I've always enjoyed programming contests. I was a regular contestant and sometimes winner in MacTech magazine's Programmer's Challenge in the '90s where the fastest code wins, and I've been a longtime participant and now part-time administrator at Project Euler, where only correctness matters. For the past couple years, I've been trying Google's Code Jam, which is a live competition where you have 2.5 hours to solve several problems. This past weekend, I participated in Round 1, which reduced 15,692 qualifiers down to 3,000 for Round 2.

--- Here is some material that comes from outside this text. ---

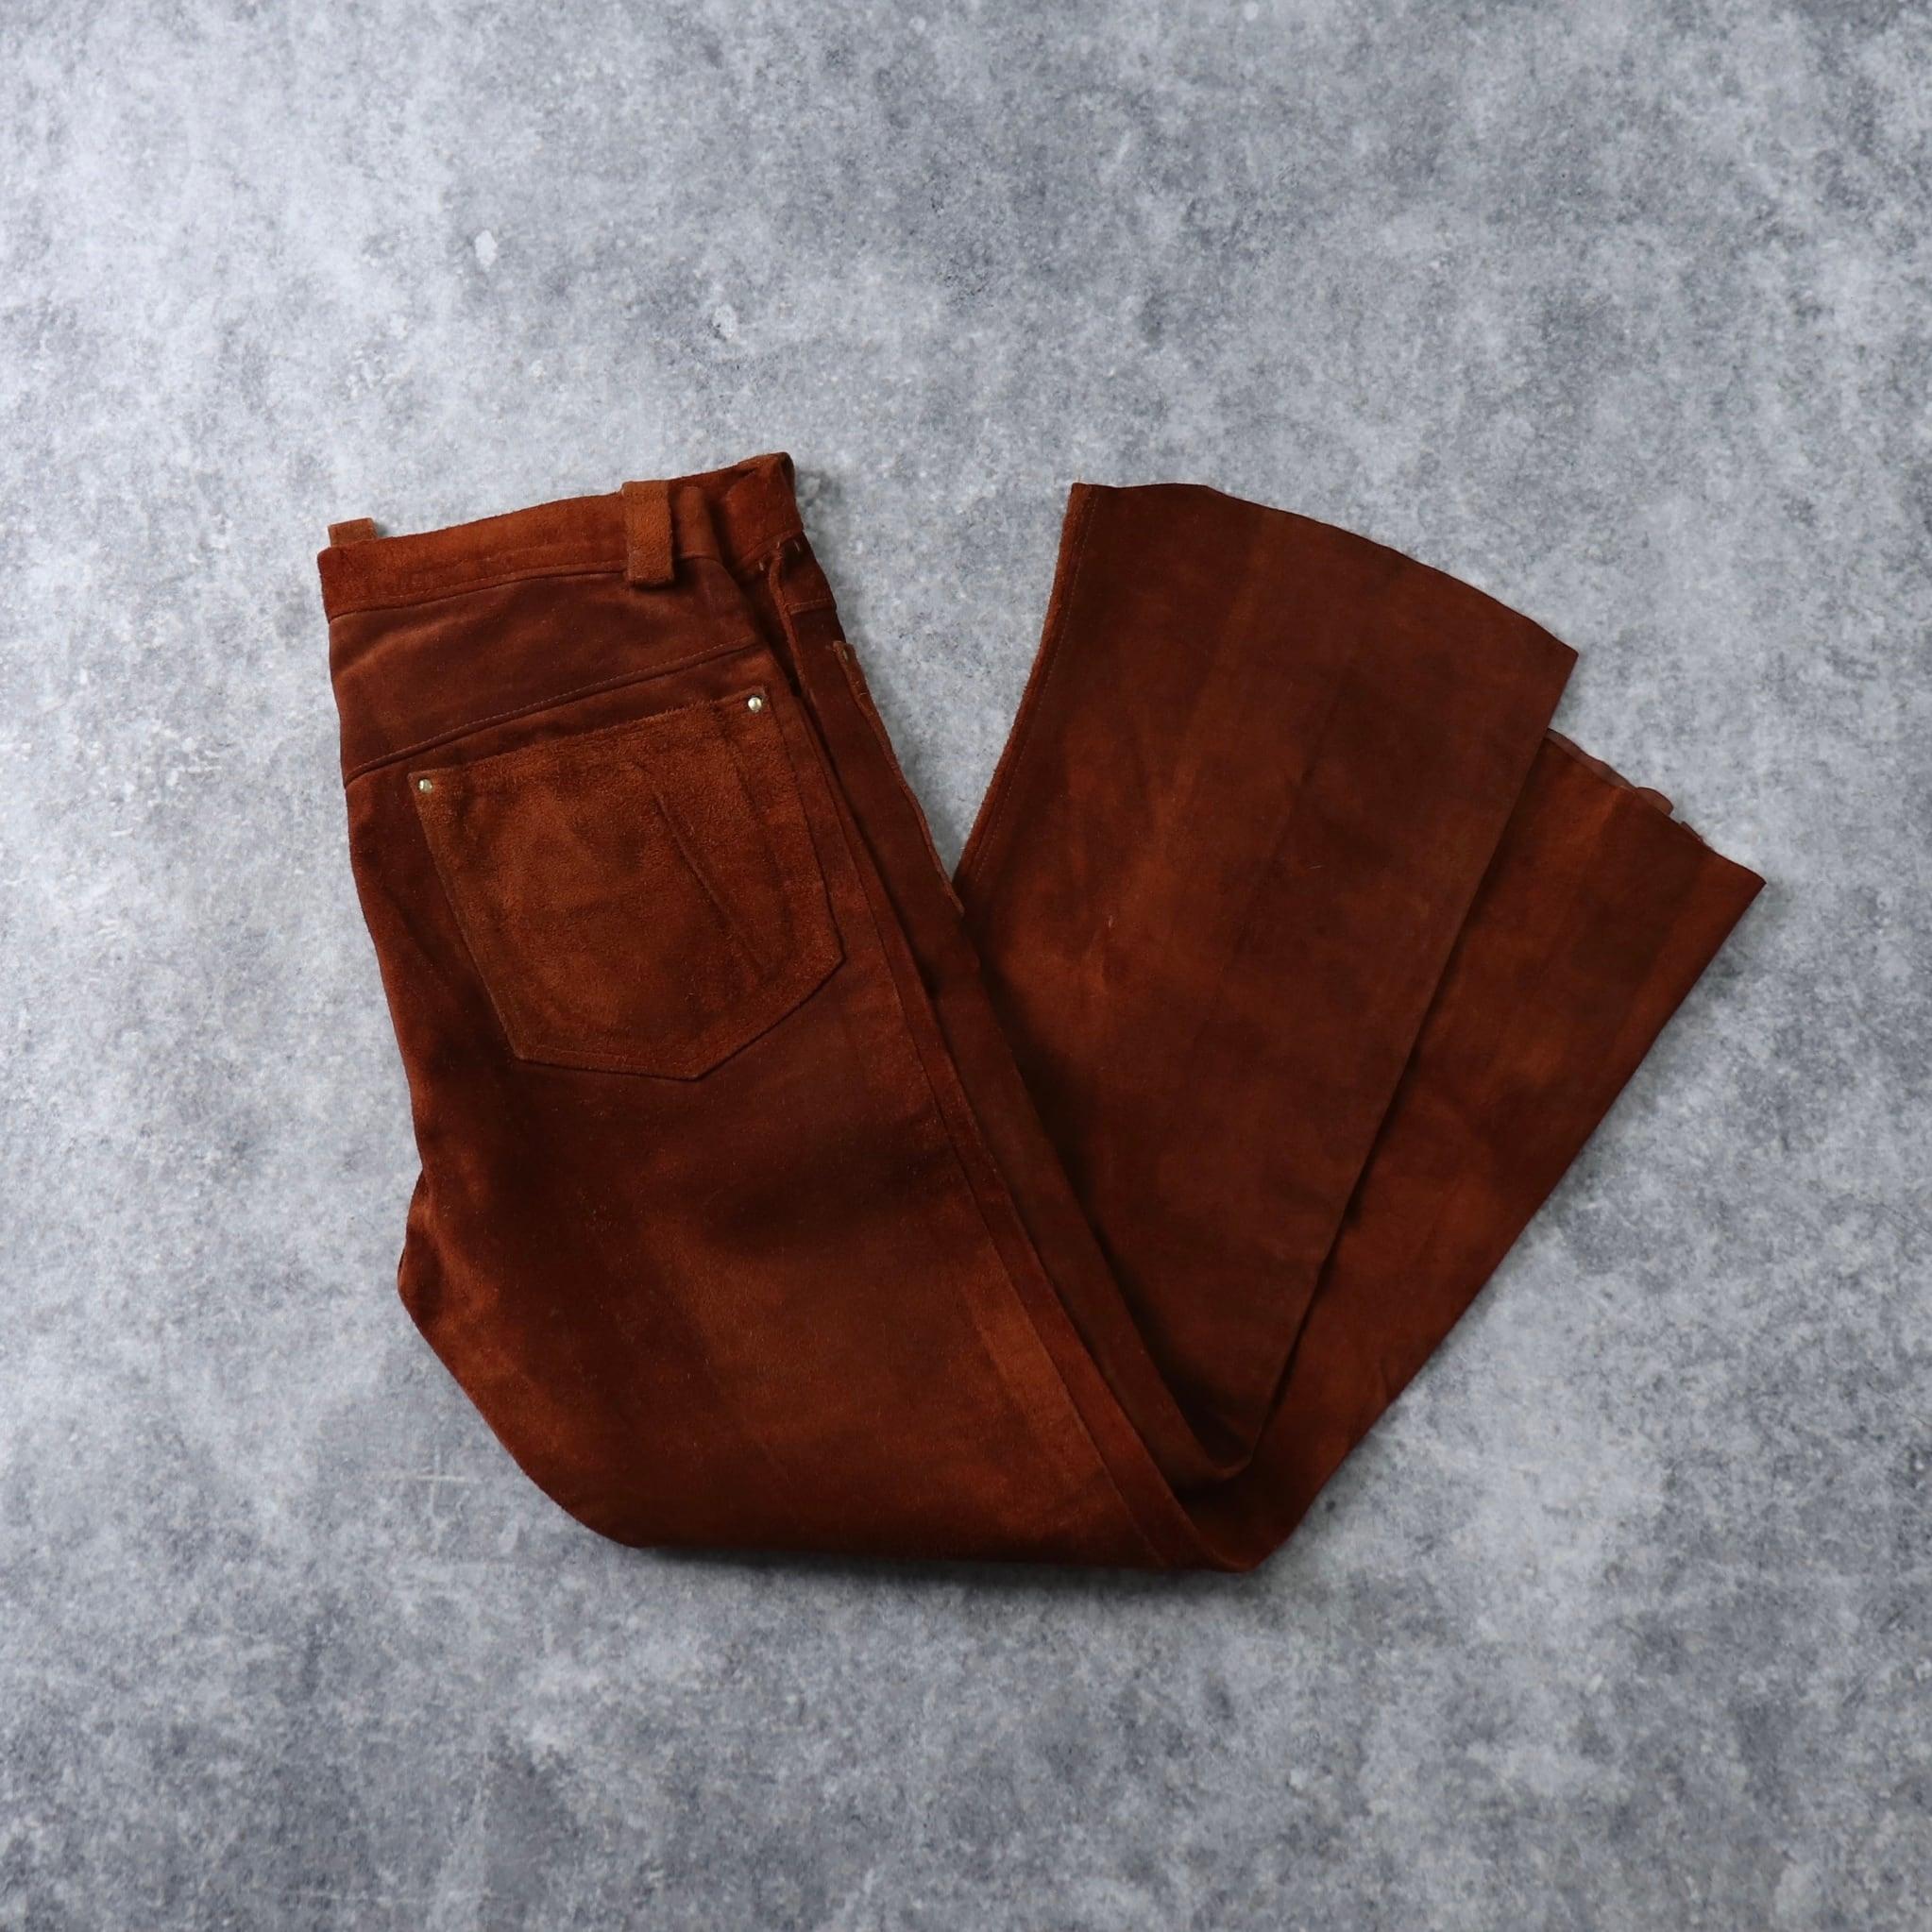 70's Vintage Leather Pants 70年代  ヴィンテージ  レザーパンツ  ハンドメイド ラフアウト 70年代 ヒッピー 古着 A659

To accommodate entrants around the world, Round 1 is held at three different times, which gives participants multiple chances to advance and at least one chance in a locally friendly time slot. The website go-hero.net aggregates some of the participant data by country and programming language, and I decided to look at it in JMP to see how country participation matched the time of the contest.

Using JMP Graph Builder to see country participation by time: The US is colored dark red in Round 1A because that's when most US contestants took part in Google Code Jam's first round.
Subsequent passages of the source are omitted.